What will happen next? Well, there will always be some people who will refuse to take the drugs. They do have side-effects: Like nausea, abdominal distress and (in a small number of cases) a rise in anxiety. In the West, some early adopters have gone off the drugs because they can’t handle the side-effects. The drugs are also expensive. But it is fair to say that if you can afford to go to a celebrity dietician then you can probably afford Semaglutide too.
In the West, market penetration is just starting to reach the heartland (there is a shortage of these drugs because demand far outstrips supply) but urban elites (models, movie, stars, Oprah Winfrey and the like) take them regularly with dramatic results.
In India, I find it hard to believe that they will penetrate the mainstream because of pricing, but they will appeal to educated city-dwellers (i.e. the sort of people who read diet books).

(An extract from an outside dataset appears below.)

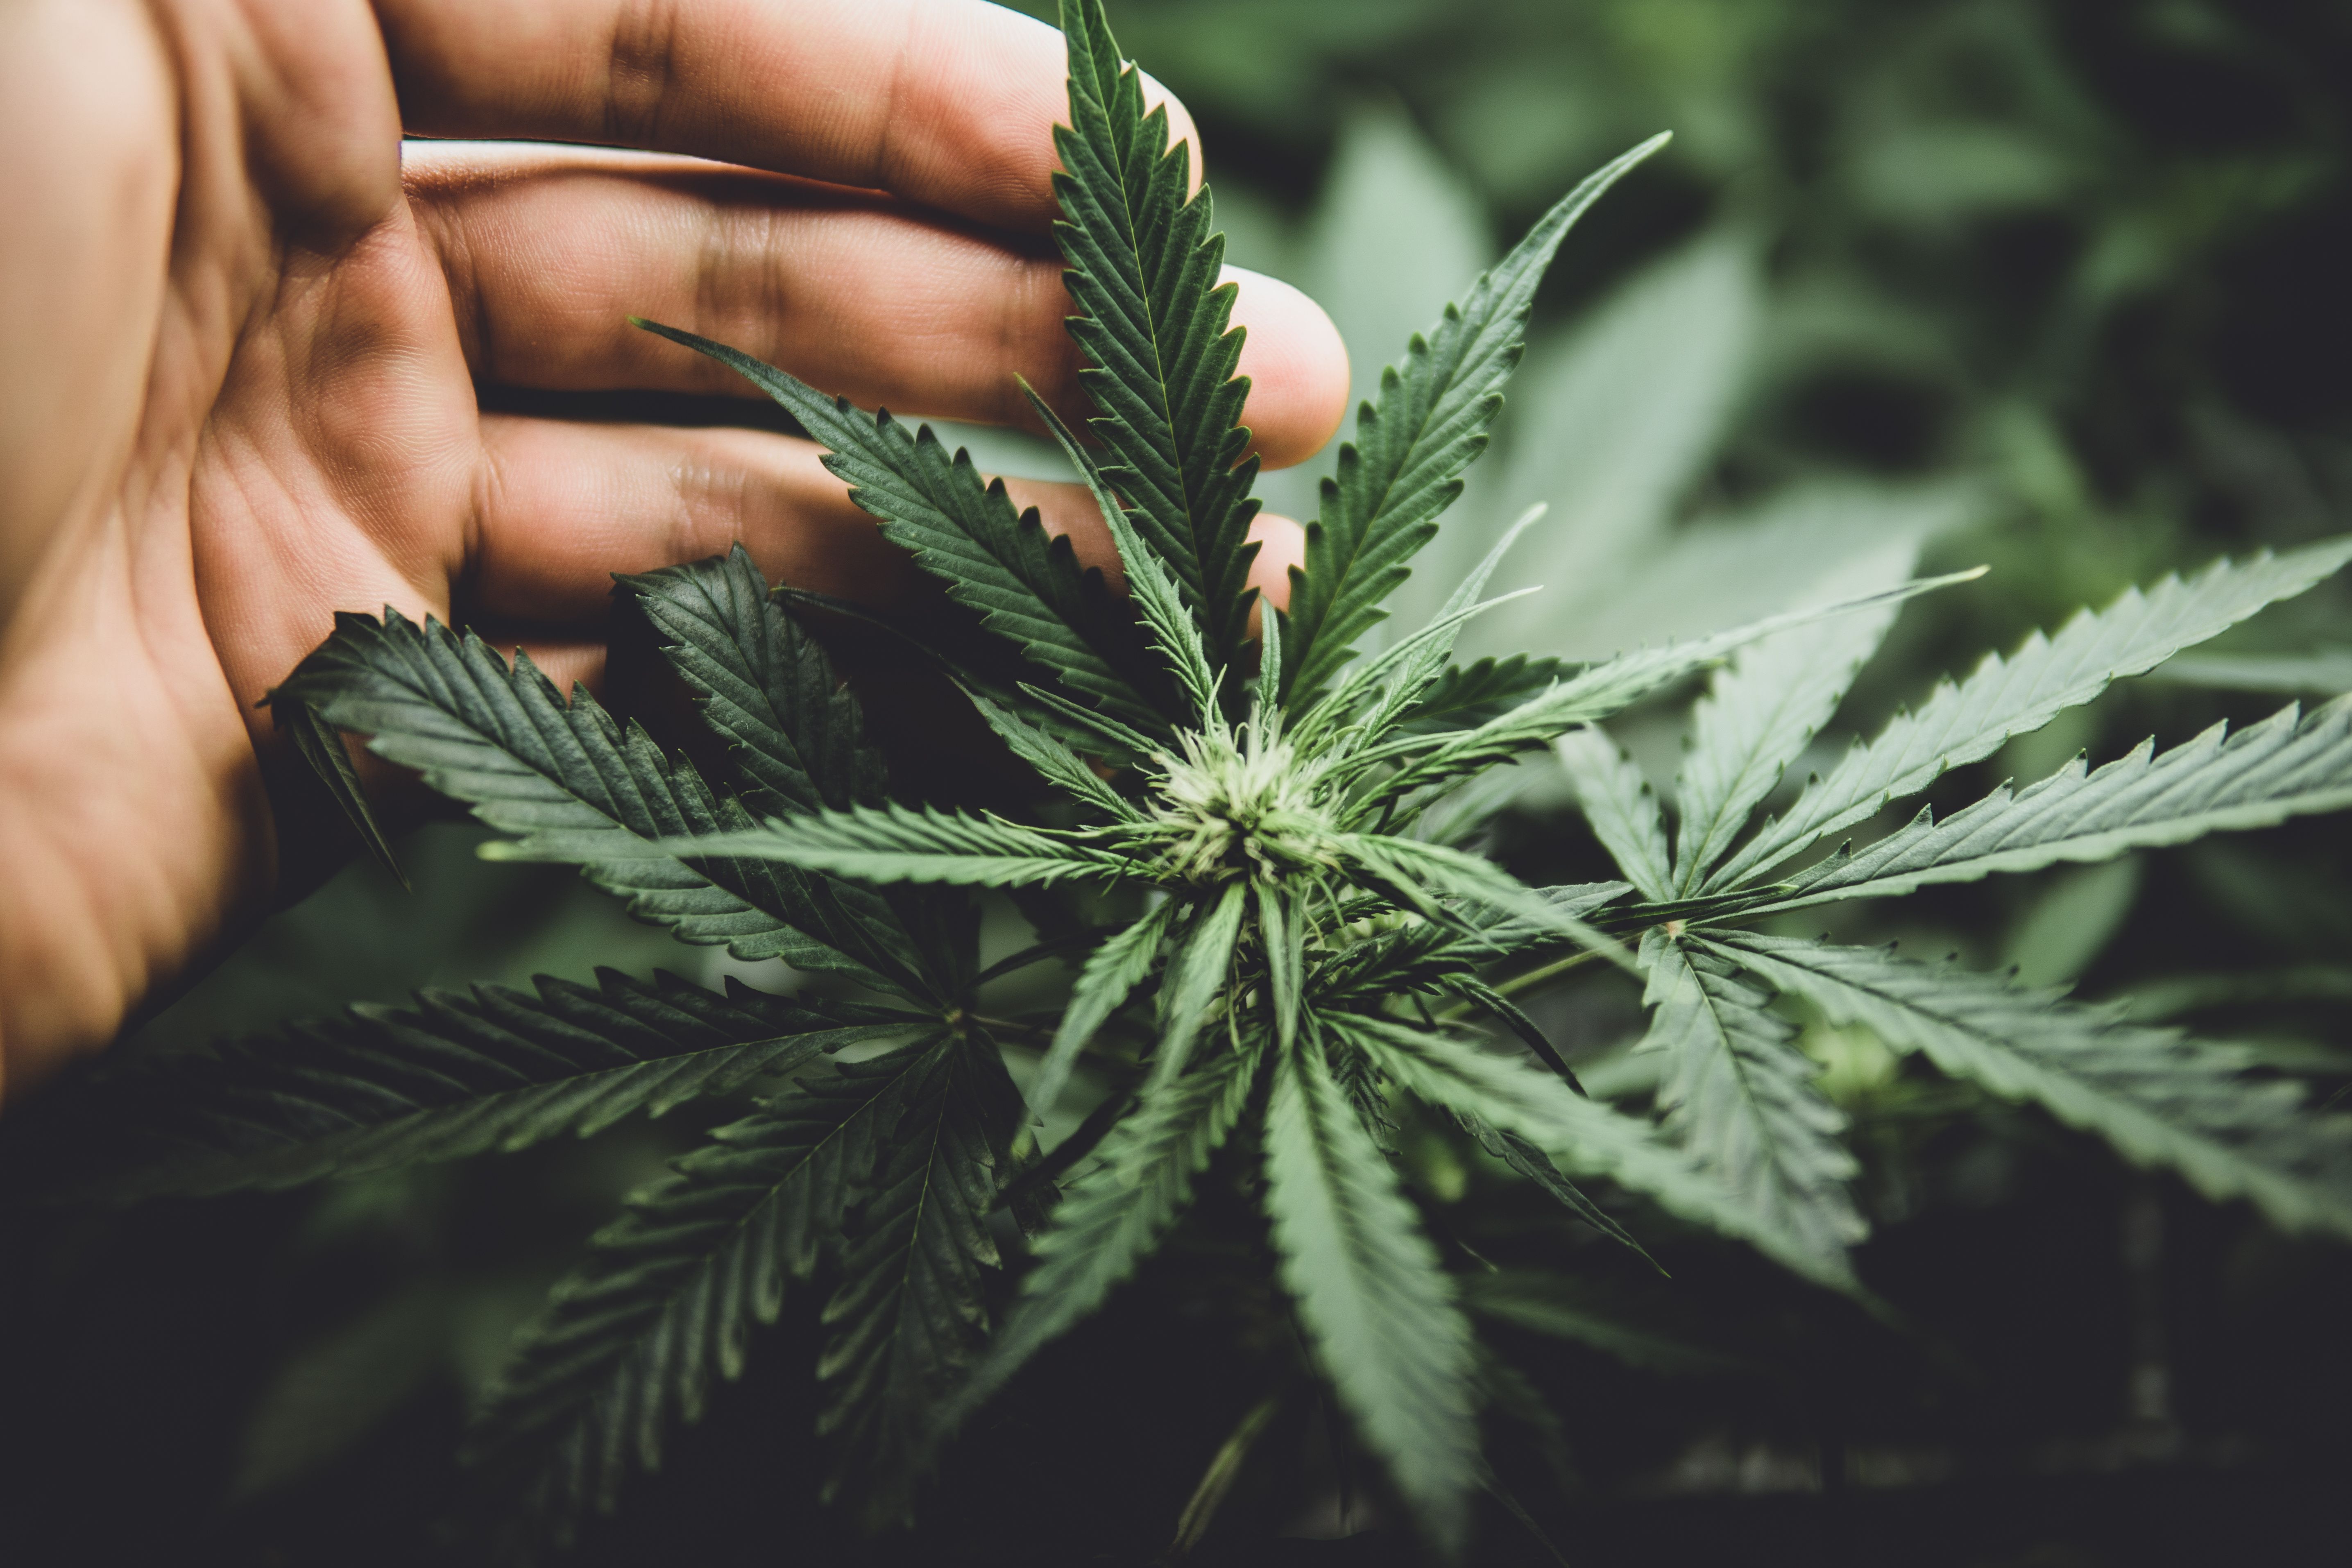 Cannabis Significantly Improves Quality of Life in Women with Treatment-Resistant Fibromyalgia

Once they catch on, they will transform the weight-loss landscape. This is good news for many people; not just those who are taking the injections and losing weight but also others like the manufacturers of foods regarded as too fatty. But it’s bad news for chefs who do 12-course tasting menus. By course four of the meal, people on the medication will be ready to go home. It's bad news too for the makers of those bogus diet products which people will realise they no longer need.
What’s not clear is how they will affect the exercise industry. All doctors, including those who prescribe Semaglutide, will tell you that exercise is essential even if you don’t need to lose weight. But if you are going on an exercise regime only to lose weight, there are now better ways.
There are more weight-loss drugs on the way. The makers of Ozempic, the best-known brand of Semaglutide, may be able to improve the formulation to lessen the side-effects. And the makers of Mounjaro, the brand name for Tirzepatide, are testing a new oral drug which may be more effective than the injection.
So, you are the sort of person who worries about losing weight, relax. Help is finally on its way.